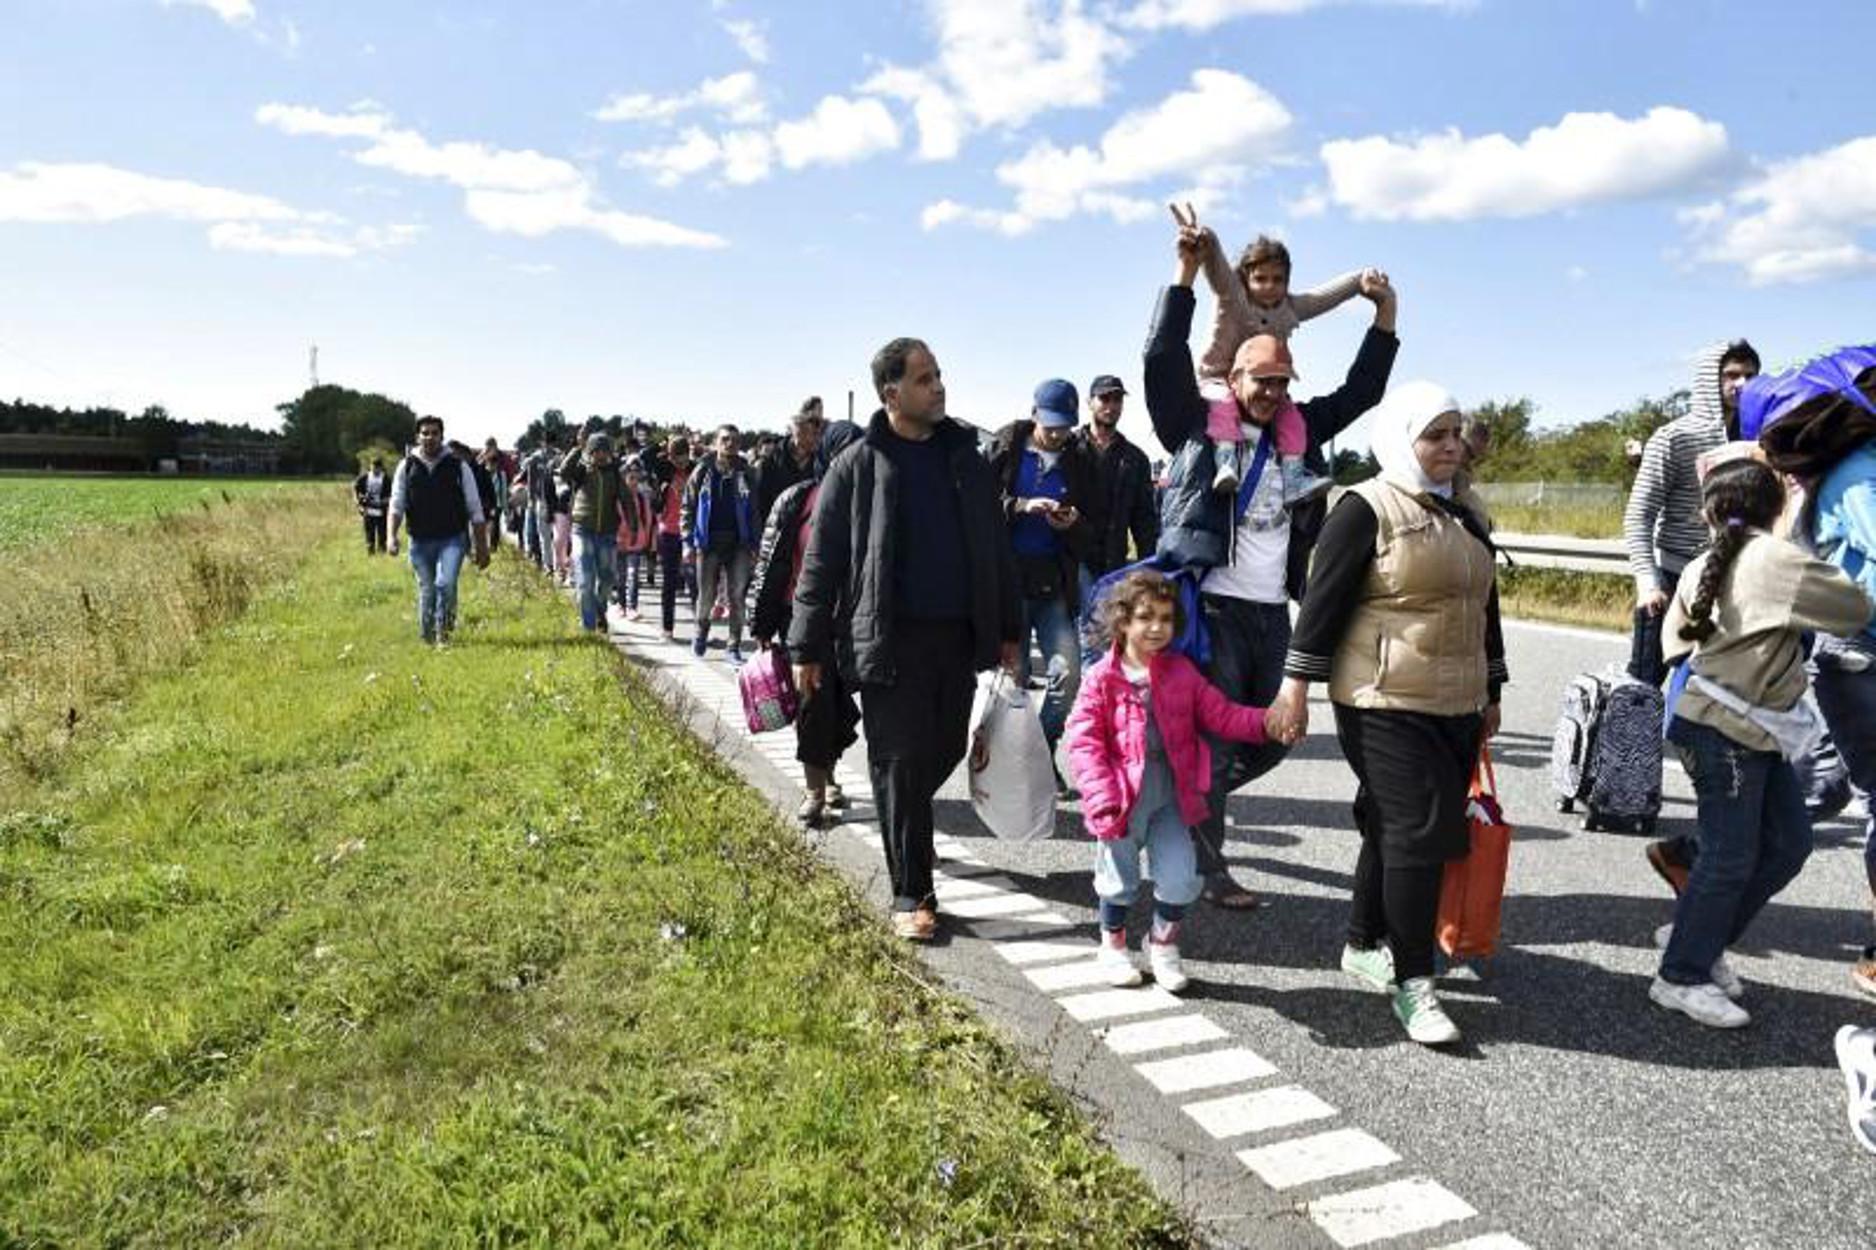 Η Δανία σκληραίνει κι άλλο την στάση της απέναντι στους μετανάστες – Hotspot… εκτός Ε.Ε!
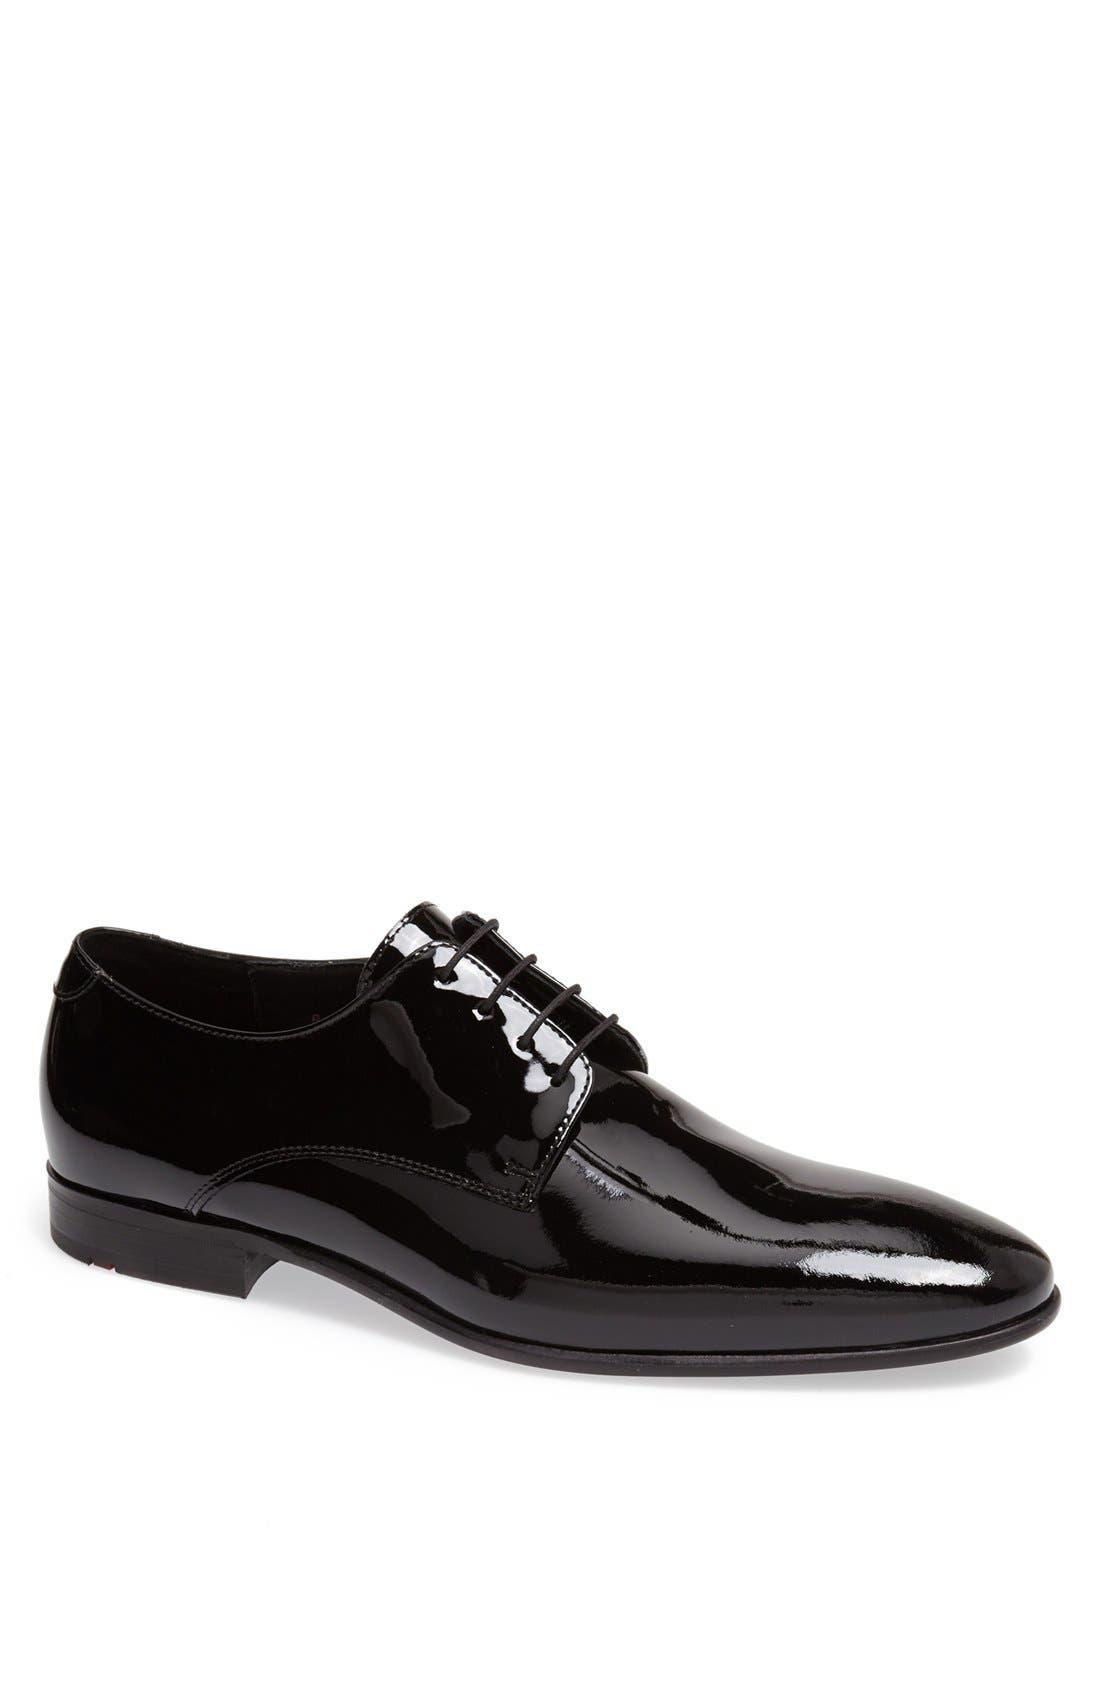 'Jerez' Plain Toe Derby,                         Main,                         color, Black Patent
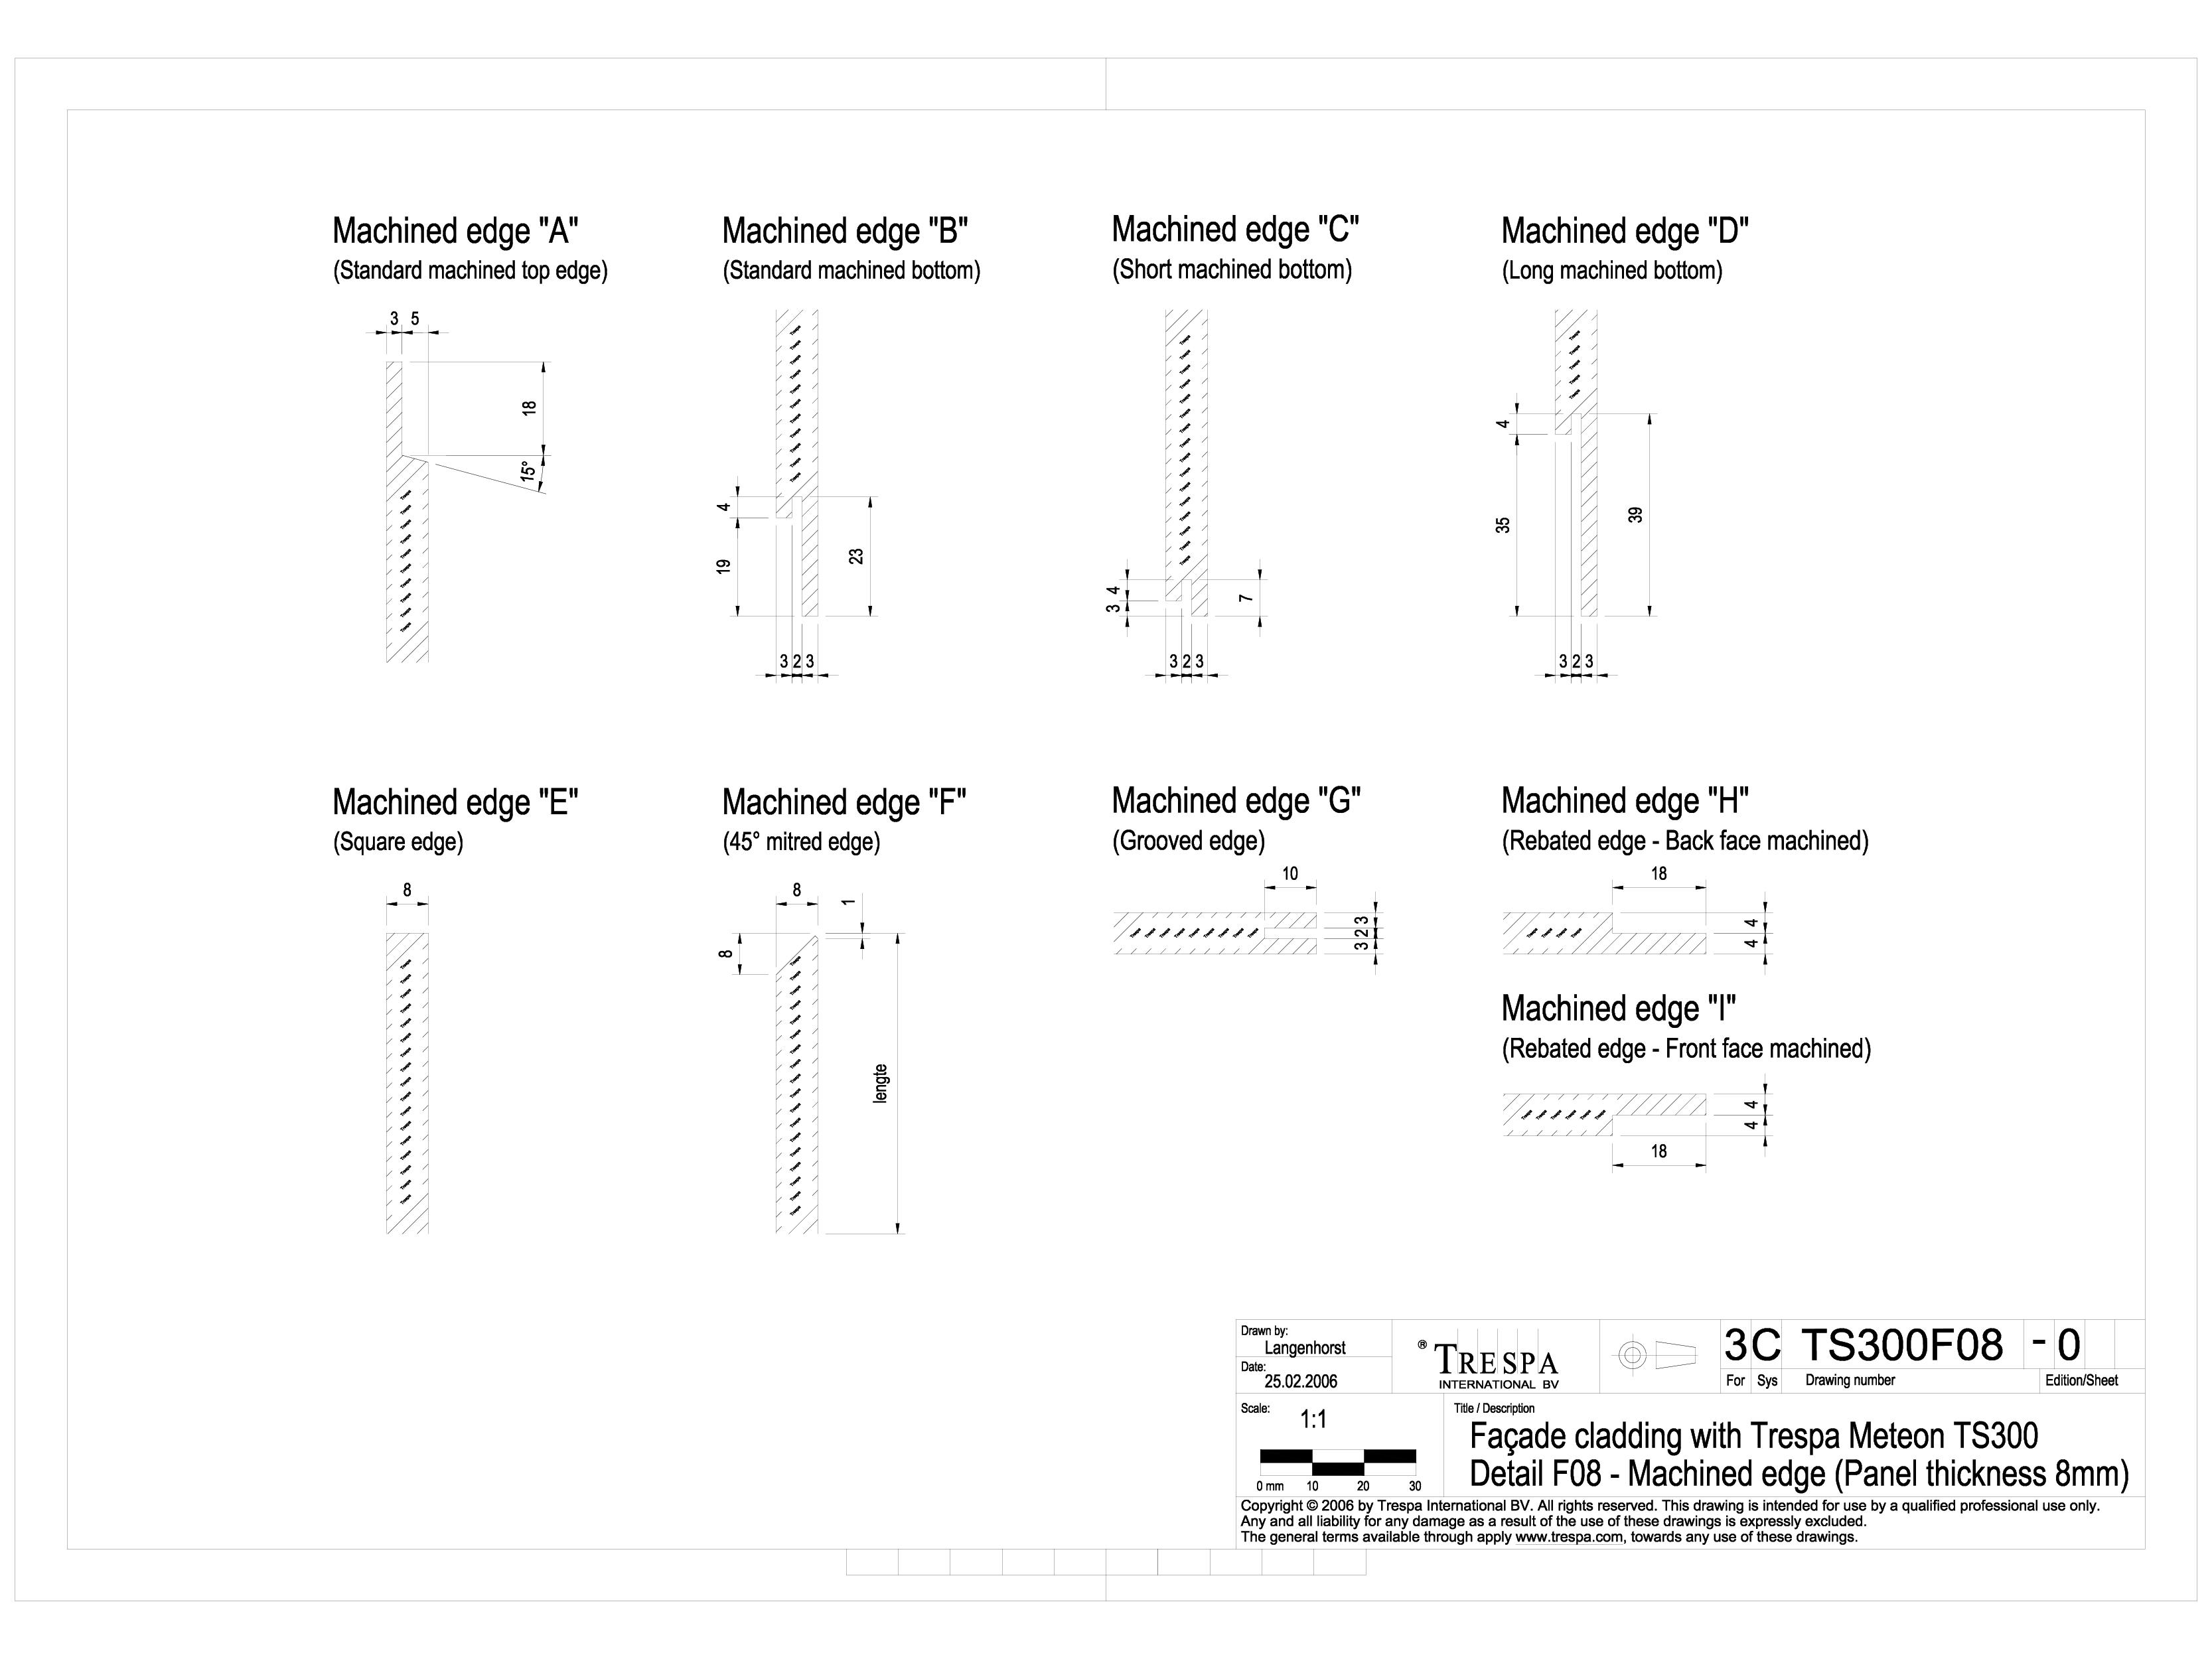 Sisteme de prindere fatade ventilate cu profile oarbe de 8mm METEON TRESPA Placi HPL pentru fatade ventilate GIBB TECHNOLOGIES  - Pagina 1

========================

**Exercise objective:** The answer must be the whole listing, word for word, with no pictures in it. Please write it out.

**Reply to the exercise:**
 Η Δανία σκληραίνει κι άλλο την στάση της απέναντι στους μετανάστες – Hotspot… εκτός Ε.Ε!
 'Jerez' Plain Toe Derby,                         Main,                         color, Black Patent
 Sisteme de prindere fatade ventilate cu profile oarbe de 8mm METEON TRESPA Placi HPL pentru fatade ventilate GIBB TECHNOLOGIES  - Pagina 1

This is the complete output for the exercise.